Russia Sends Troops Near Border With North Korea and China

Colin Fredericson
By Colin Fredericson
September 28, 2017World News
Russia Sends Troops Near Border With North Korea and China
Russian sailors. (Alexander Aksakov/Getty Images)

Russia just dispatched troops to its border with North Korea and China.

The troops were photographed on Zaozyornaya Hill, near the border confluence of North Korea, China, and Russia.

Russian soldiers with rifles and guard dogs were pictured near the important southeast Russian border crossing, the Daily Mail reported.

Neither Vladimir Putin nor the Russian government has stated what the troops are expecting to encounter, but the Daily Mail hints at preparations for an influx of North Korean refugees, perhaps people expecting a war. Both Russia and China have official policies of booting escaped North Koreans back to North Korea, where they can face execution.

The presence of soldiers comes just after Putin gave his views on what a war in North Korea would look like. He gave the comments while at a conference in China for the BRIC nations.

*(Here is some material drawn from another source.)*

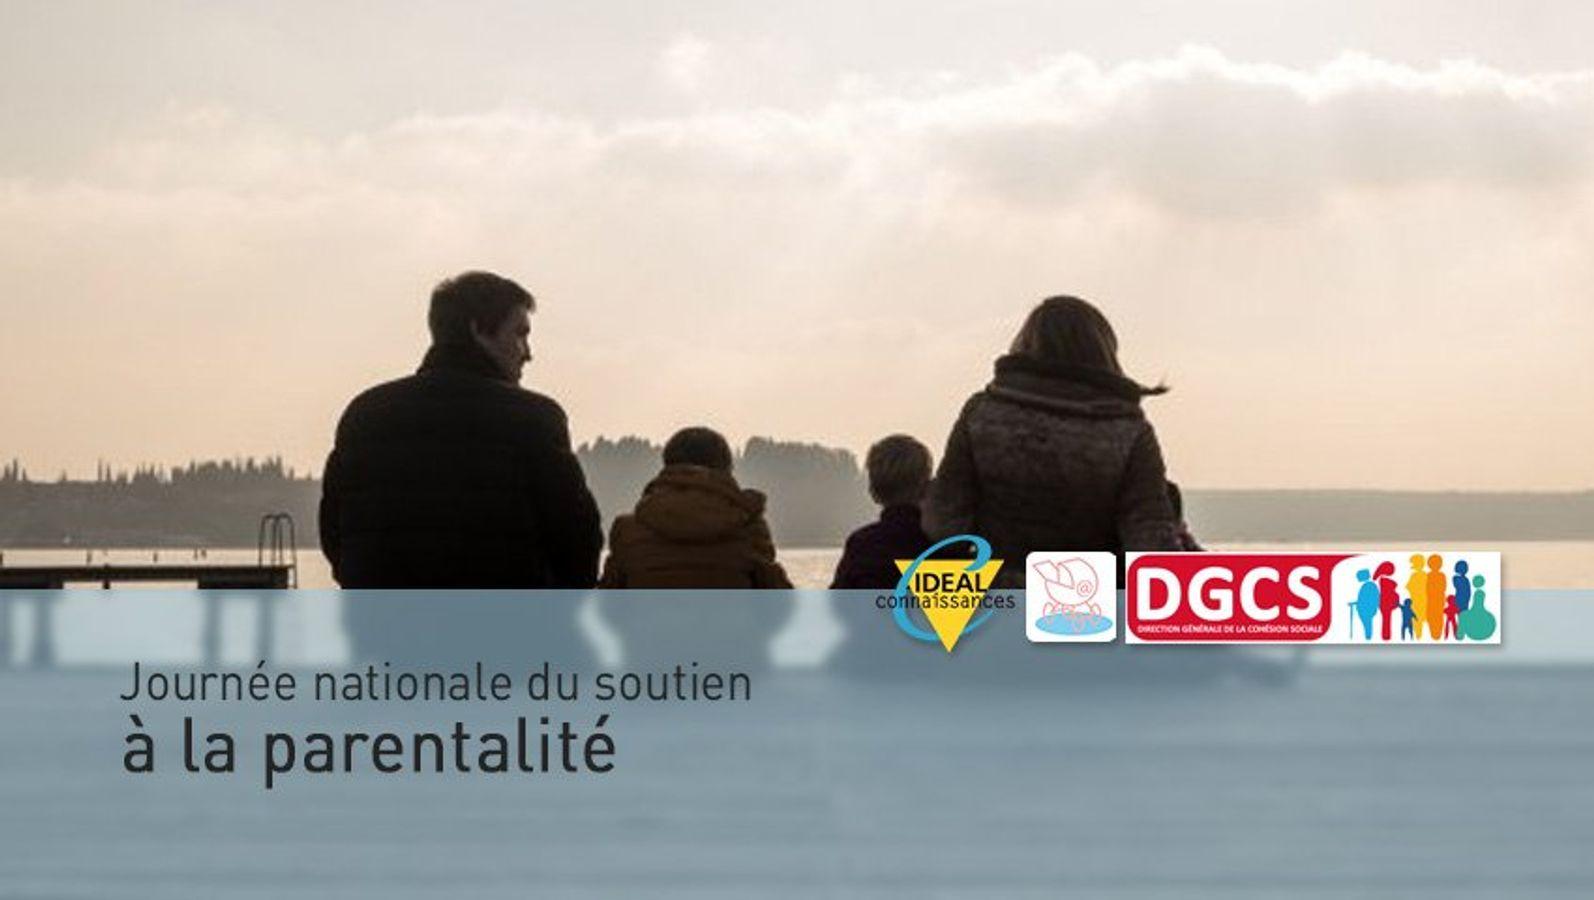 Introduction et Regards croisés sur le soutien à la parentalité : comment mobiliser l'ensemble des acteurs pour mieux accompagner les parents ?

“Ramping up military hysteria will lead to nothing good. It could lead to a global catastrophe,” said Putin.

The United States has not declared war on North Korea but jumpy North Korean officials and the North Korean state-run news agency claim to have heard such a declaration. North Korean state-run news ran computerized footage of shooting down U.S. military jets and naval vessels.

But Putin might be anticipating military action in North Korea. Fyodor Lukyanov, editor of Russia in Global Affairs said that Russia understands what actions North Korea might take.

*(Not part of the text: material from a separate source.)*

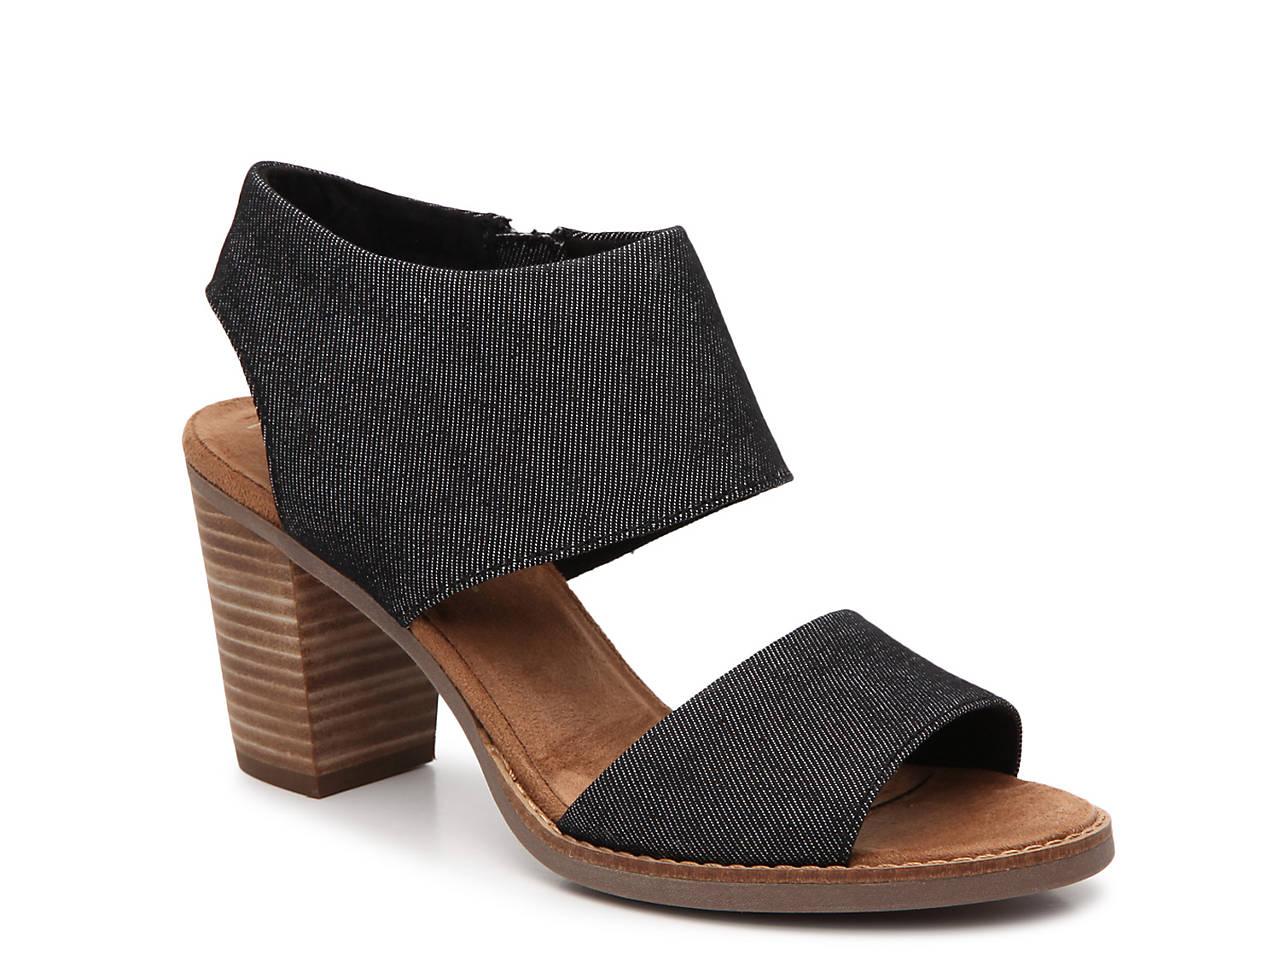 0c1e7a15e52 TOMS Majorca Sandal Women s Shoes

He claimed via a Financial Times article, “The Kremlin understands the North Korean psychology.” He added “For North Korea, it is not about bargaining, but survival—Kim Jong Un knows the fate of Iraq’s Saddam Hussein and Libya’s Moammar Gadhafi and sees nuclear missiles as his life insurance.”

Others’ views echo Putin, who claimed at the BRIC conference in China, via Foreign Policy, that North Korea “would rather eat grass than abandon their [nuclear weapons] program unless they feel secure.”

Lukyanov and Putin made no mention of other options North Korea has, like how cleaning up its act, ceasing the threatening rhetoric, actually ending the countrywide human rights abuses and abuse of power could also help North Korea foster peaceful relations with the world.

Despite the current threat of North Korea, a recent hearing with U.S. Gen. Joseph Dunford suggests it may be all talk. Dunford is the chairman of the Joint Chiefs of Staff and the highest ranking member of the military.

“While the political space is clearly very charged right now, we haven’t seen a change in the posture of North Korean forces,” said Dunford in front of the Senate Armed Services Committee, on Sept. 26, via CNBC. “We watch that very carefully.”

He also assured U.S. citizens and allies of their safety, guaranteeing that the U.S. military has “postured our forces to respond in the event of a provocation or a conflict. We also have taken all the proper measures to protect our allies—the South Koreans, the Japanese, the force as well as Americans in the area.”